Writer-producer Bryan Fuller (Dead Like Me, Pushing Daisies) is developing a television drama based on the character Hannibal Lecter, created by author Thomas Harris. Lecter has appeared in four Harris novels (Red Dragon, The Silence Of The Lambs, Hannibal, Hannibal Rising), which were all adapted for the big-screen. Brian Cox played the role in Michael Mann's Manhunter, before Anthony Hopkins turned the character into a pop-culture icon in Jonathan Demme's Oscar-winning thriller The Silence Of The Lambs. Hopkins later returned for a sequel and prequel/remake.
The TV series will apparently focus on the early relationship between Dr Hannibal Lecter, when he was the psychiatrist for FBI Agent Will Graham (CSI's William Petersen in Manhunter, Edward Norton in the remake Red Dragon) who secretly killed and ate his own victims.
The drama is being produced by French company Gaumont, who now have an independent Los Angeles studio (Gaumont International Television) run by former-NBC head Katie O'Connell. Martha De Laurentiis is producing, having also produced the latter three Lecter movies.

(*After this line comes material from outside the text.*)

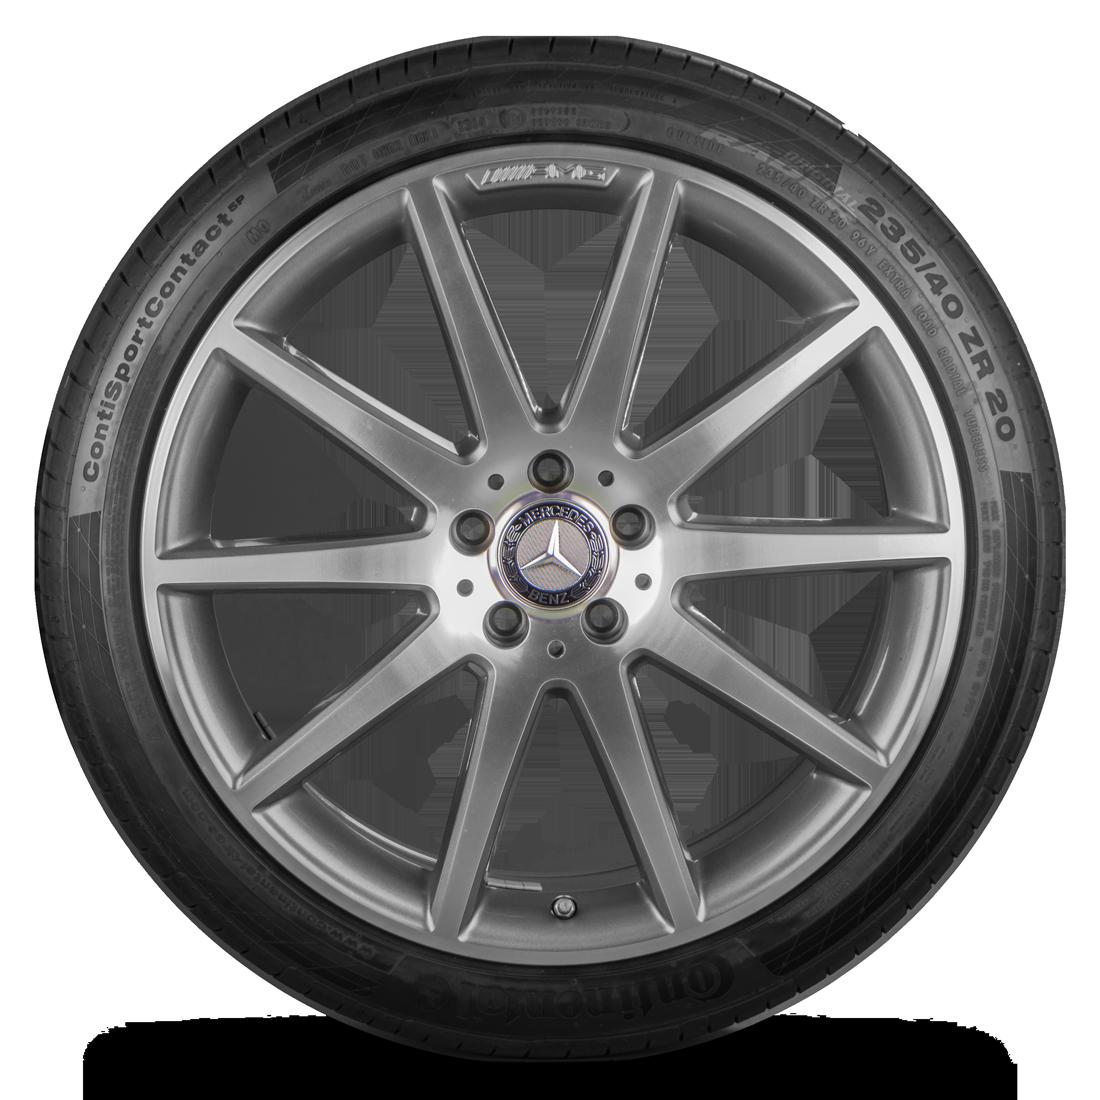 AMG 20 Zoll Felgen Mercedes GLA 45 X156 Alufelgen Sommerreifen Sommerräder 7 mm

What do you make of this unexpected news? Does we really need another Hannibal Lecter story? Is it doomed to failure without Hopkins in the role, which was surely one reason for Hannibal Rising flopping. (That and the fact it was an outright stinker.) Or are you excited by the possibilities of returning to this character in his prime, provided they find a way to keep the story flowing nicely? Could this actually be the new Dexter? Is Bryan Fuller the man for the job, seeing as he's best-known for putting a quirky and upbeat slant on death in Dead Like Me and Pushing Daisies? Does he have a dark enough soul to do justice to Thomas Harris' prose? Is this show going to be Silence Of The Lambs-style scary, or Hannibal-style grand guignol?